Is Censorship the Answer?

Censorship has always benefited the ruling classes. Time and again the surest way to guarantee the cult status of many books, films or video games has been to ban them, assuming a little prior publicity. Corporate lobbies like to talk of regulation, in the full knowledge that big business can always buy its way through hundreds of loopholes.
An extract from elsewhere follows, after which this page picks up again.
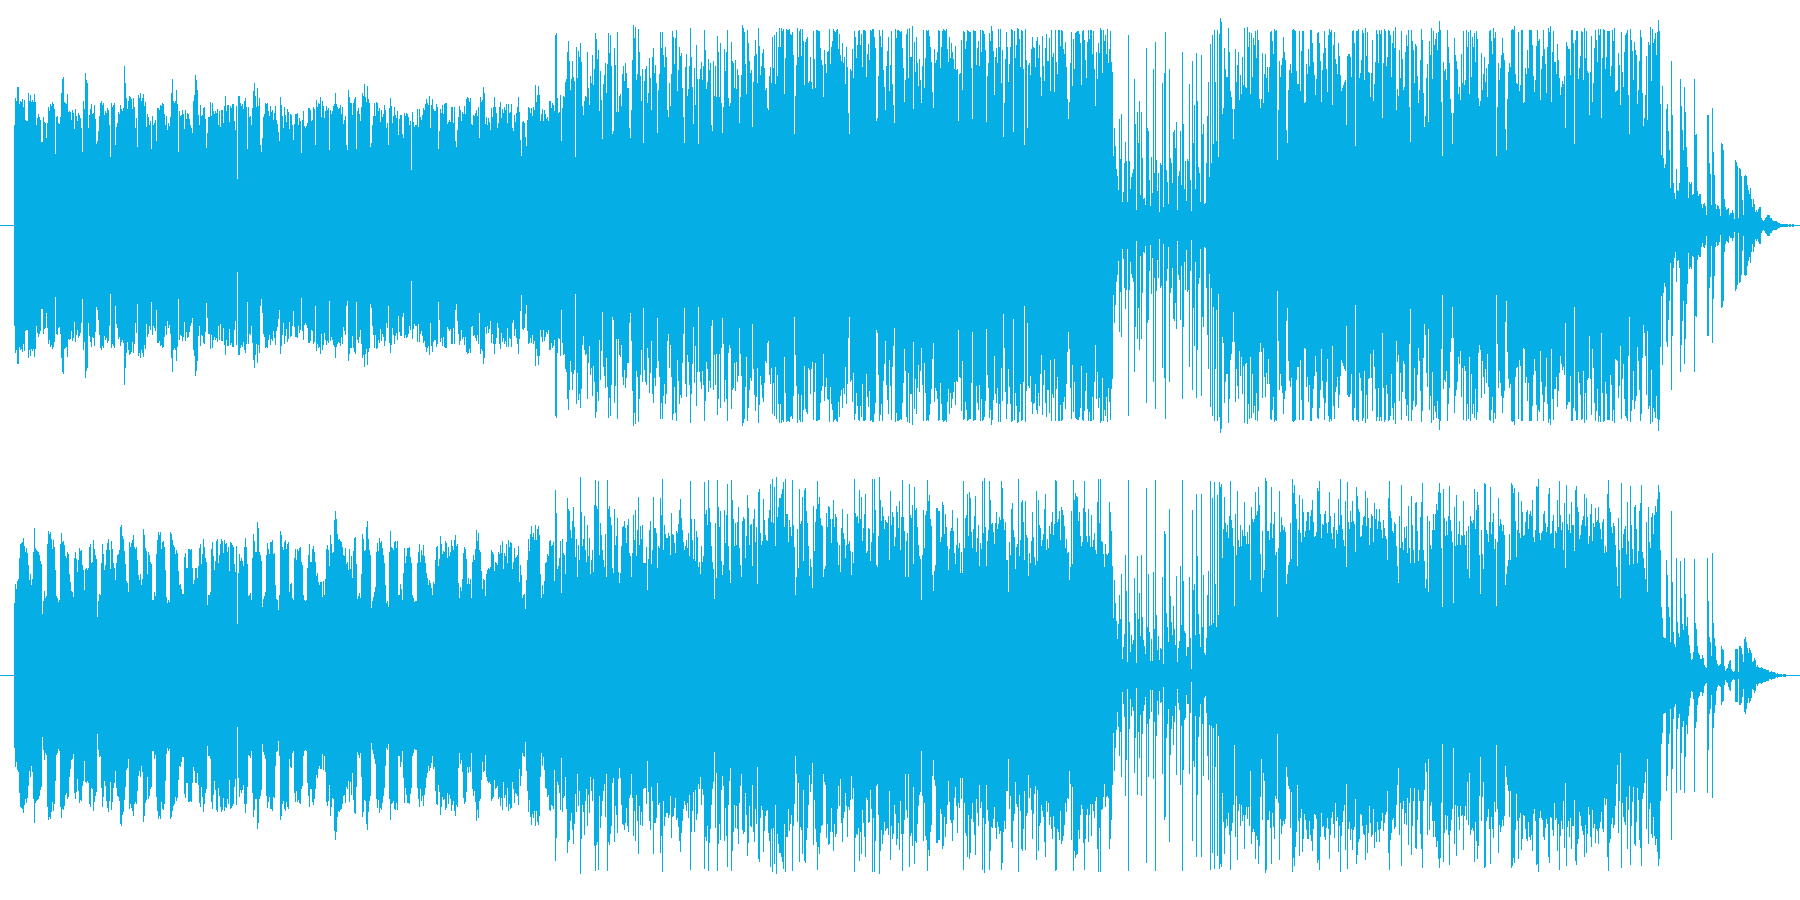 中世風古笛ワルツ:ホラー系や廃墟シーンにの再生済みの波形

Having popularised violent video-games through multimillion dollar advertising campaigns with Tomb Raider featured on the back of cereal packets, the gaming industry, almost inextricably linked to the movie and TV business, would seek new devious means to distribute its wares if tighter controls were introduced, while the state would be delighted to apply new restrictions to clamp down on dissent e.g. video footage of real violence perpetrated by a superpower or friendly militias could be banned.

Not only is censorship both impractical and counterproductive, it is also only conceivable because our consumerist society plays on people's basest instincts, but as usual we need to attack the root causes. In the short term we may need to campaign to stop schools or libraries distributing such poisonous games, but the emphasis should be on raising awareness of the harmful effects that exposure to violent propaganda has on young kids. However, in the long run we should strive to replace the greed and mindless self-indulgence of today's consumerist society with peaceful, playful and constructive activities in a socially coherent and sharing community. Sport offers a much better outlet for our pent-up frustrations. Parents of shy kids may be better advised to enrol them in karate lessons, teaching practical self-defence and co-ordination skills, than let them undergo premature military brainwashing.